Ahora, sorprendentemente, ha querido apropiarse de mi pequeña villa para su liberada Calipso y lo ha hecho sin pagar ningún precio, robándomela con descaro y sin miramientos. En ella la ha instalado para visitarla como si la muchacha fuera su verdadera matrona y no la concubina que es.

Ni la sangre derramada ni el robo le devolverán su juventud, la salud de su esposa, la energía de su miembro ni con ellas a sus hijos muertos.

Yo, sin embargo, Cayo Mario Claudio, sobrino del gran Mario, no perdí ningún hijo en aquellas terribles disputas civiles porque nunca lo tuve, fui siempre soltero y oficialmente célibe a pesar de las presiones constantes que mi gens ejerció para que fundara mi propia domus. Tenían razón, no se posee un verdadero patrimonio si no se es padre. Sufrí, eso sí, el exilio y el despojo de buena parte de los bienes familiares por la mano de esos patricios que creían, y creen todavía, que Roma es solamente suya.

Pero las vidas son a veces extrañamente paralelas, patricio como ellos mi edad es similar a la de Emiliano, soy un anciano y mi existencia solitaria en el campo está tan rodeada como la suya de nada, de paisaje, de recuerdos y de alguna que otra esclava que también me baña y me unta con aceite la piel y el intestino.

A mis años no pido mucho a mis lares, sólo que de vez en cuando permitan a mi falo depositar su leche en la vaina de alguna joven, esa medusa que nos petrifica impidiéndonos pestañear.
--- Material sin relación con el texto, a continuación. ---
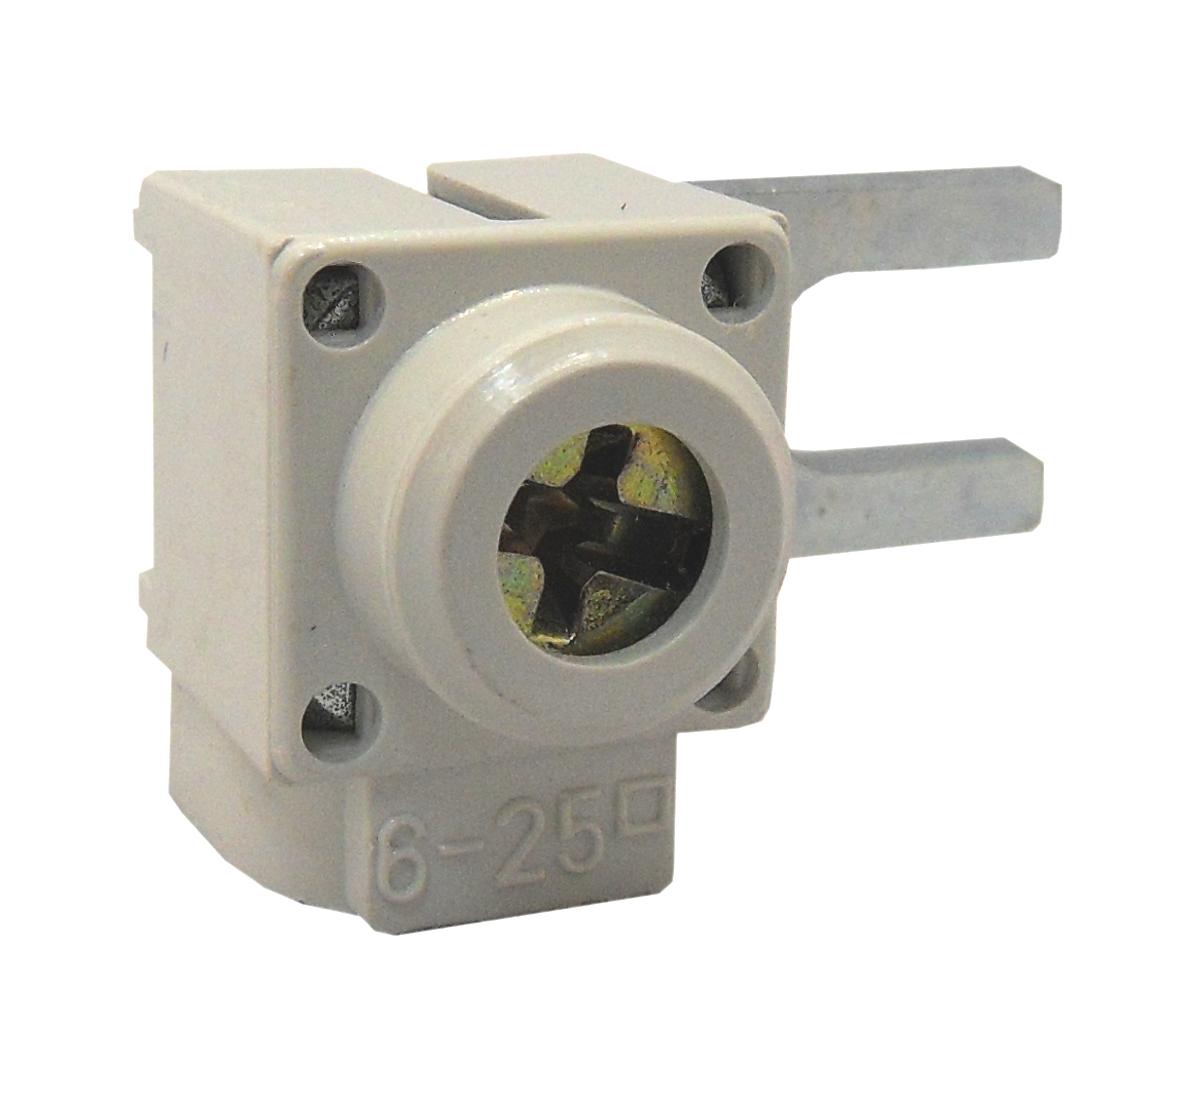 1 Stk Anschlußklemme, Gabel, quer, 6-25mm², kurz BS900171--
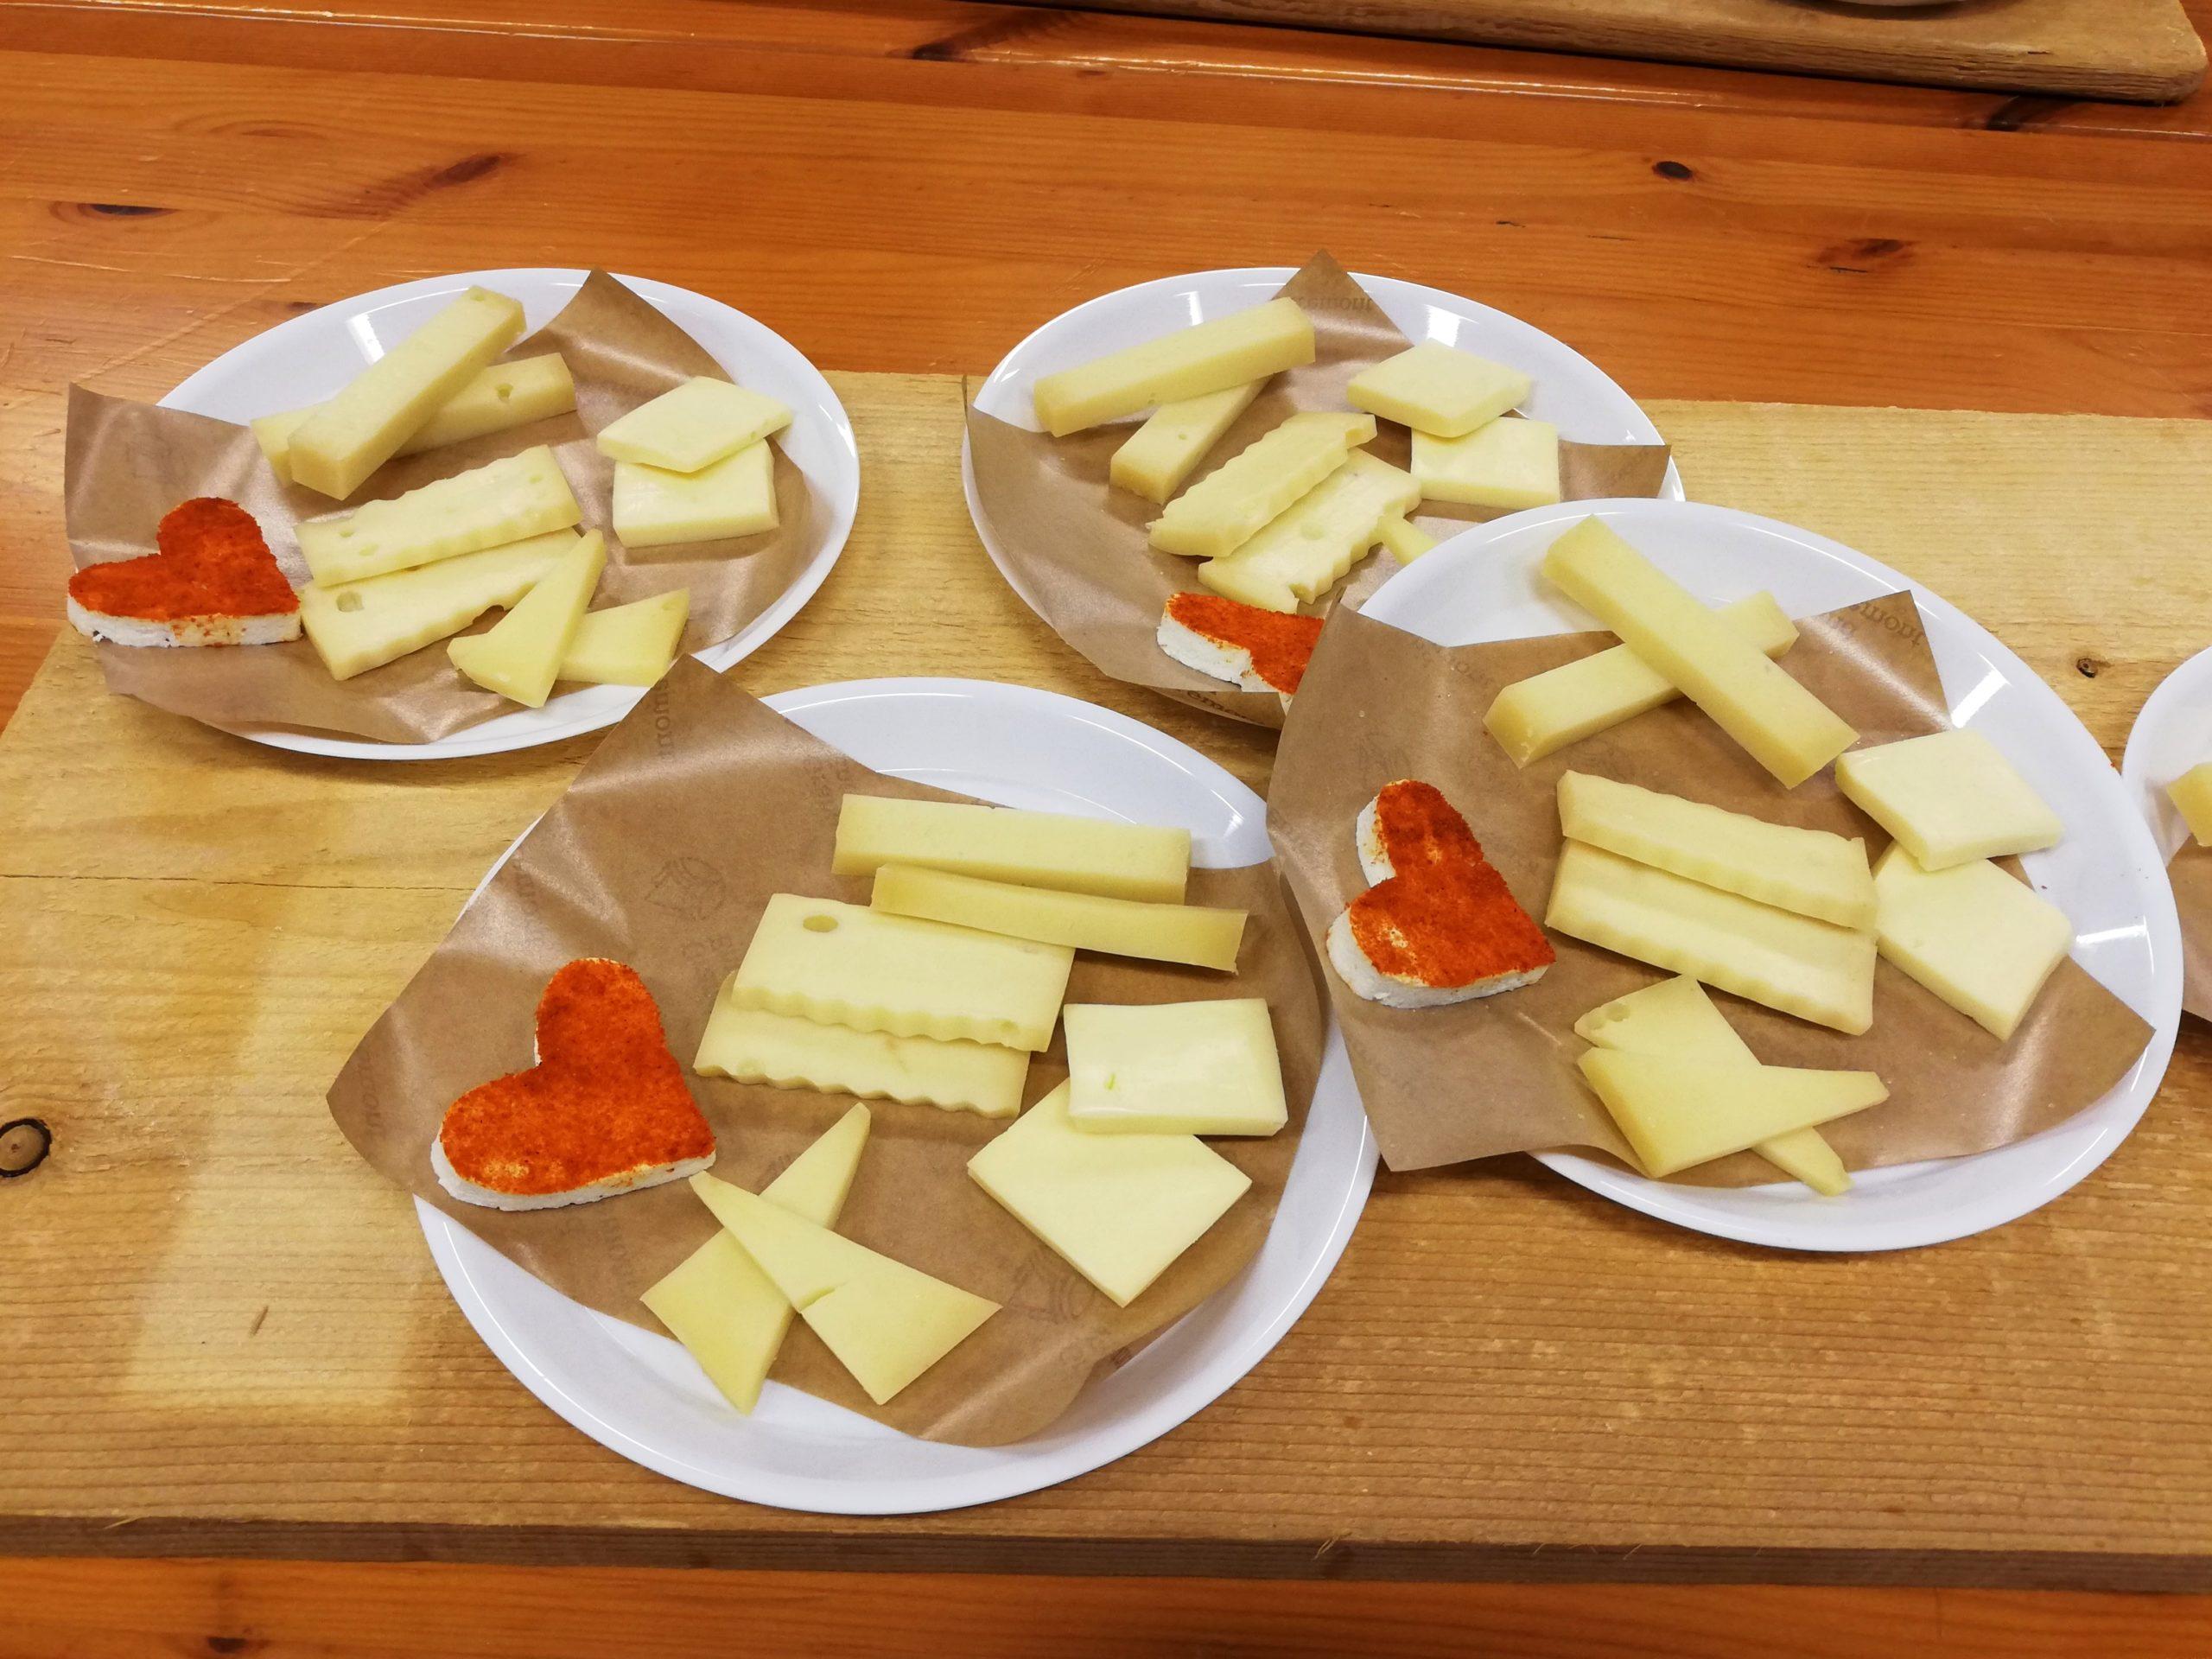 Slow Food Travel en Suisse dégustation de fromages

Les ruego igualmente, y con todo mi fervor, que sigan manteniendo la paz, la claridad de mente y de corazón que creo disfrutar y que el muy estúpido Emiliano acaba de romper.

Yo también tengo, entre mis esclavas, a mi griega preferida, Areté, una mujer nacida cautiva y originaria de Siracusa. La raptaron los piratas que emponzoñaban las costas y que ahora acaba de derrotar Pompeyo enviándolos a todos al fondo del mar.

Antes de llegar a mí, Areté, pasó por varios dueños que sólo la compraban como concubina para revenderla cansados al poco tiempo, terminando, tras muchos intercambios y transacciones, en casa de mi tío Tulio que le dio otra utilidad. Pensó que podía enseñarles el habla de los griegos a mis primos, sus hijos y mis únicos herederos.

Ese hermano de mi madre, Tulio, aunque piadoso, puritano y de moral estricta es un necio y un avaro codicioso que no quiso pagar el precio que vale un verdadero pedagogo, un preceptor formado en alguna Academia helena, cree, el muy simple, que el mero hecho de hablar una lengua te permite enseñarla.

Las lenguas, como las ciudades, poseen sus cloacas y sus acueductos, en ellas hay puentes y muros, cimientos y torres altas como faros, no puedes abandonar nunca la que te vio nacer.

La poca habilidad pedagógica de Areté se añadió también a la escasa inteligencia de mis primos y a su nula predisposición por la cultura, el saber y el buen hablar, esos chicos son unos pobres memos que no piensan más que en gastar sus días en los baños y sus noches en los burdeles.

Pensando que no servía para nada, Tulio me la revendió por poco dinero cuando envió a sus hijos a la milicia, creyó que entre los soldados serían más útiles que en los brazos de las rameras. En eso acertó.

Sea como sea, en casa de mi tío nadie ha necesitado hablar nunca el griego ni el buen latín de nuestros abuelos, y Areté no era tampoco una hembra para mis primos, demasiado altiva, “no queremos reinas en casa, en nuestra familia todos somos republicanos”, señalaban con sarcasmo.